Sunday, May 29, 2016

Going from Childless to Child-full: Getting Our First Placement

Months of work finally worked out for us: we were now officially licensed foster parents. Now all we had to do was wait for them to place kids with us.

And wait.

Realistically it was only a month and a week or so after we got licensed that we finally got our first placement, but it felt a lot longer than that. Especially since things were gearing up for Christmas and were trying to decide if we needed to plan on having kids with us for Christmas or not.

It was just another ordinary day. I was working on a Christmas stocking for Andrew, it was my Christmas present for him that year, and I was hiding my crafting project at a friend's house so he wouldn't catch on. After taking Andrew to work, I drove to my friend's house to continue working on the stocking. We visited and then she and her toddler went to go do nap time and I went to get to work. Just as I was getting started, my phone started to ring. 

"Hello?"

I don't remember everything said, but we had been recommended to care for two little boys that were in need of a placement. The woman on the other line told me a bit about them and the case and I asked her if she minded if I called my husband to talk to him about it really quick. She said that was fine and I promised that I could call her right back to let her know either way.

I think I opened that phone call with "Hey, Andrew, do you want to have some kids?" I was breathless and my heart was racing and my mind was everywhere at once. Andrew slowed me down, I told him everything that I knew, and when neither of us felt bad about the decision, we decided "Why not?"

So I called her back. And she asked me, "Can you come right now?" So I left my sewing project, hurried upstairs to inform my friend that I was going to get two little boys RIGHT NOW. She gave me a box of fruit snacks for them and I got in my car (which I suddenly wished I had cleaned it out better the day before) and drove to go pick them up.

It was no longer just another ordinary day. Suddenly I was smiling at two little boys that were going to be living with me until they got to go back home, reassuring their grandmother that they were going to be alright, and getting booster seats from their case worker so I could take them home with me. They had a big bag full of stuff, I'd be getting more from their grandmother later. We packed it all in the car, buckled up two little boys, and I started driving home. 

With two kids in the back seats.

Weird.

When we got home, I helped them put their things away in the dresser, helped them make their beds, and soon it was time to go pick Andrew up from work.

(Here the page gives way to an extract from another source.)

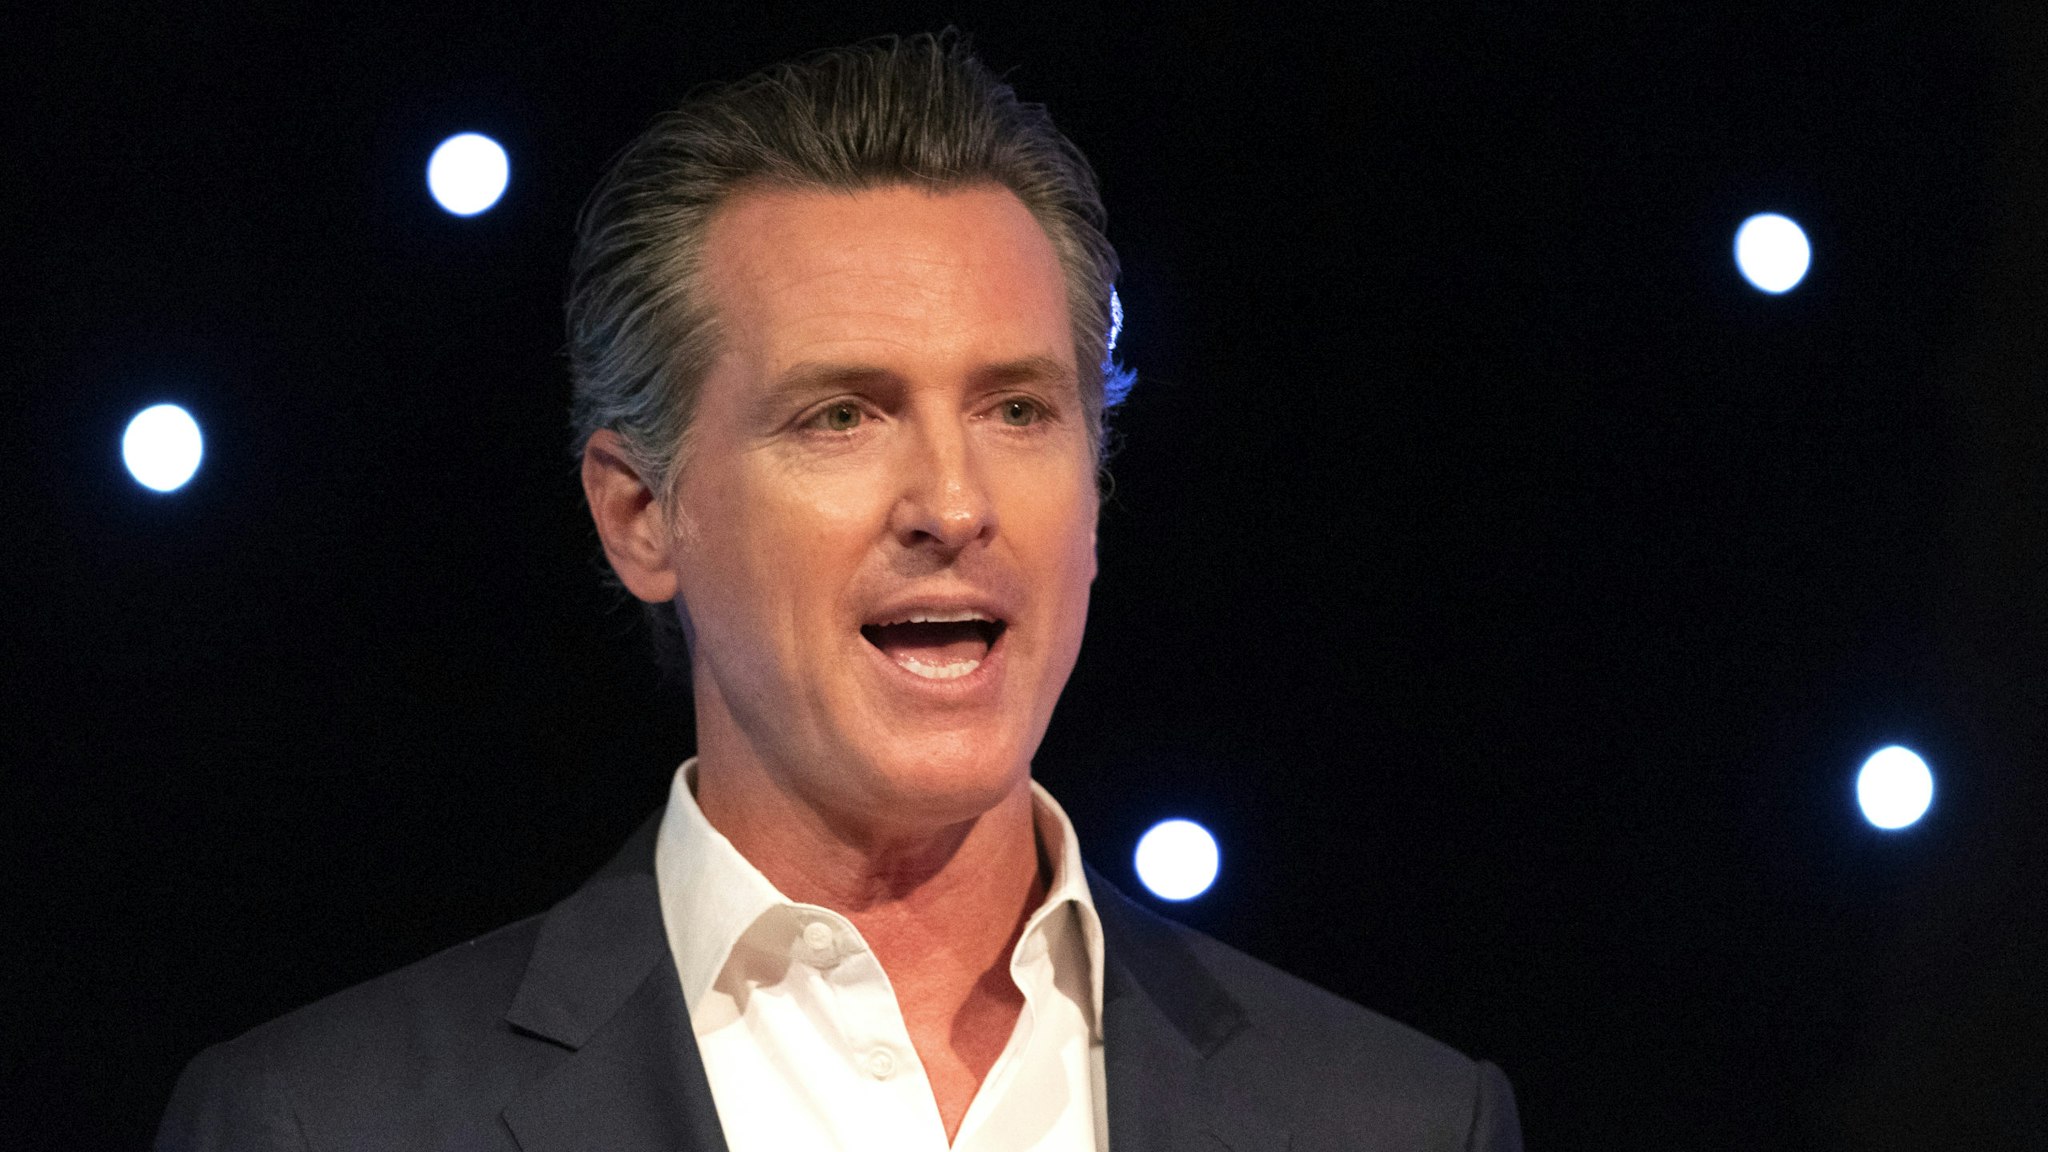 California Governor Gavin Newsom speaks at Planets Explore 19 Conference in San Francisco, California on October 15, 2019. The Governor talks about the importance of protecting our environment and enhance the states capability at dealing with natural disasters such as wild fire.

We went and got him. I thought how weird that must be for him, to come out to the car and see two kids in the back seat that weren't there when I dropped him off that morning.

We got pizza on our way home and watched a movie together that night until, around 8:11, the older of the two told us he was tired. They didn't have a normal bedtime routine before they came to  us, so I got to make it up on the spot and try to figure things out.

Then they were in bed and we were downstairs and THERE WERE KIDS IN OUR HOUSE. I went to bed happier that night than I had been in a long time. The next few weeks I enjoyed the honeymoon stage with the boys, feeling so fulfilled at the end of each day and warm and happy.

That was the day we went from childless to child-full all at once, in a whirlwind that left me breathless. I haven't caught my breath since, and I'm still just making things up as I go.

The case has been going pretty well, and although the honeymoon stage has worn off (I go to bed a little more exhausted now, and sometimes frustrated, sometimes hurt, sometimes sad, but sometimes still happy and sometimes still feeling very fulfilled) I still know that I am doing exactly what I need to be doing.

Isn't it crazy? How life can change everything in an instant like that?

I am a foster mom now, and Andrew is a foster dad now. We're parents.

And our lives will definitely never be the same again.